→ **THE TASK**
Look for the word "Dark" in the material below. Copy each line that has it.

→ **EXTRACTED DATA**
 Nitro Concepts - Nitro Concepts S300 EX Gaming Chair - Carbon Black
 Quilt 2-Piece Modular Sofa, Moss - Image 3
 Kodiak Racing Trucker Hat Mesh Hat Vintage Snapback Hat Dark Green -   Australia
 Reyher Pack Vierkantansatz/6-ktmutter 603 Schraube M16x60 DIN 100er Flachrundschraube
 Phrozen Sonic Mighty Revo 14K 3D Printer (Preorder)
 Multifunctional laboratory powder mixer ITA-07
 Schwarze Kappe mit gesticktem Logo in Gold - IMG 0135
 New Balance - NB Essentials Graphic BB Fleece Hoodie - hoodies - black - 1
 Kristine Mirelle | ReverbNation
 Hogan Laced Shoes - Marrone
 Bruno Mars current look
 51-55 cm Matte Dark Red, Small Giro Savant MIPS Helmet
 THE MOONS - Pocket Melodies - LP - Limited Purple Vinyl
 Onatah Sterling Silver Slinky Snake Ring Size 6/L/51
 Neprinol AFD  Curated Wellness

→ **OUTPUT OF THE EXERCISE**
 Kodiak Racing Trucker Hat Mesh Hat Vintage Snapback Hat Dark Green -   Australia
 51-55 cm Matte Dark Red, Small Giro Savant MIPS Helmet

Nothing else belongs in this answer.